Hadoop and its filesystem HDFS is open-source software (part of Apache) for distributed processing of Big Data.
Keras is a high-level neural networks API, written in Python and capable of running on top of either TensorFlow, CNTK. It was developed with a focus on enabling fast experimentation.
Python has become a competitor as go-to language for all things data-science.
Developed by the Google Brain team, Tensorflow is now under Apache 2.0 open source license, and is one of the best applications for neural networks.It's written in Python, C++ and CUDA.
Scala is a modern multi-paradigm programming language stemming from Java. It is designed to express common programming patterns in a concise, elegant, and type-safe way. Spark loves Scala (not the choir though).
Part of the world of machine learning technologies and neural network, torch is an open source machine learning library, based Lua (using LuaJIT as scripting language).
Apache Kafka is an open-source stream-processing software platform developed by the Apache Software Foundation written in Scala and Java. The project aims to provide a unified, high-throughput, low-latency platform for handling real-time data feeds.

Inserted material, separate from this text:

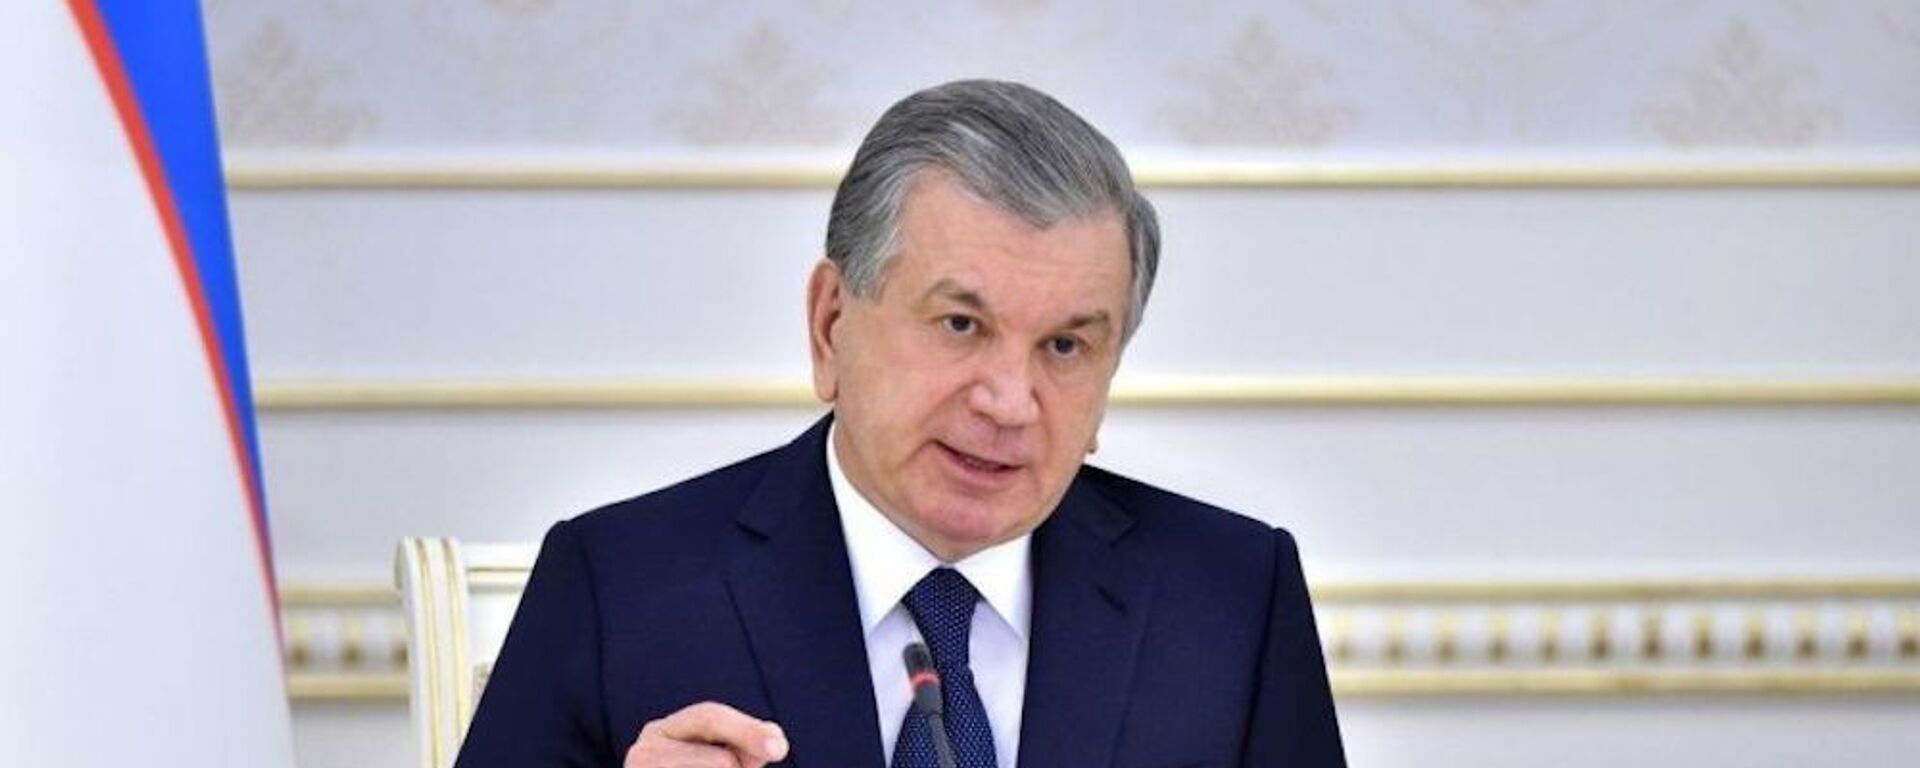 Шавкат Мирзиёев обсудил бюджет на 2021 год - Sputnik Узбекистан, 1920, 19.10.2020

R is the go-to tool of our Data Scientists. It's great for exploratory analysis and allows easy access to statistical, mathematical and machine learning functions.

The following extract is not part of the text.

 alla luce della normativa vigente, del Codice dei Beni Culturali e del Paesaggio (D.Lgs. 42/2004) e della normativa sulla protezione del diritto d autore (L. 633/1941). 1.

The Apache Hive data warehouse software facilitates querying and managing large datasets residing in distributed storage. Hive provides a mechanism to project structure onto this data and query the data using a SQL-like language called HiveQL.
Spark can run on Hadoop 2's YARN and can read any existing Hadoop data. It is developed to run programs faster by making more use of in-memory data processing. Spark developers claim that it runs 100 times faster than Hadoop MapReduce in memory or 10 times faster on disk.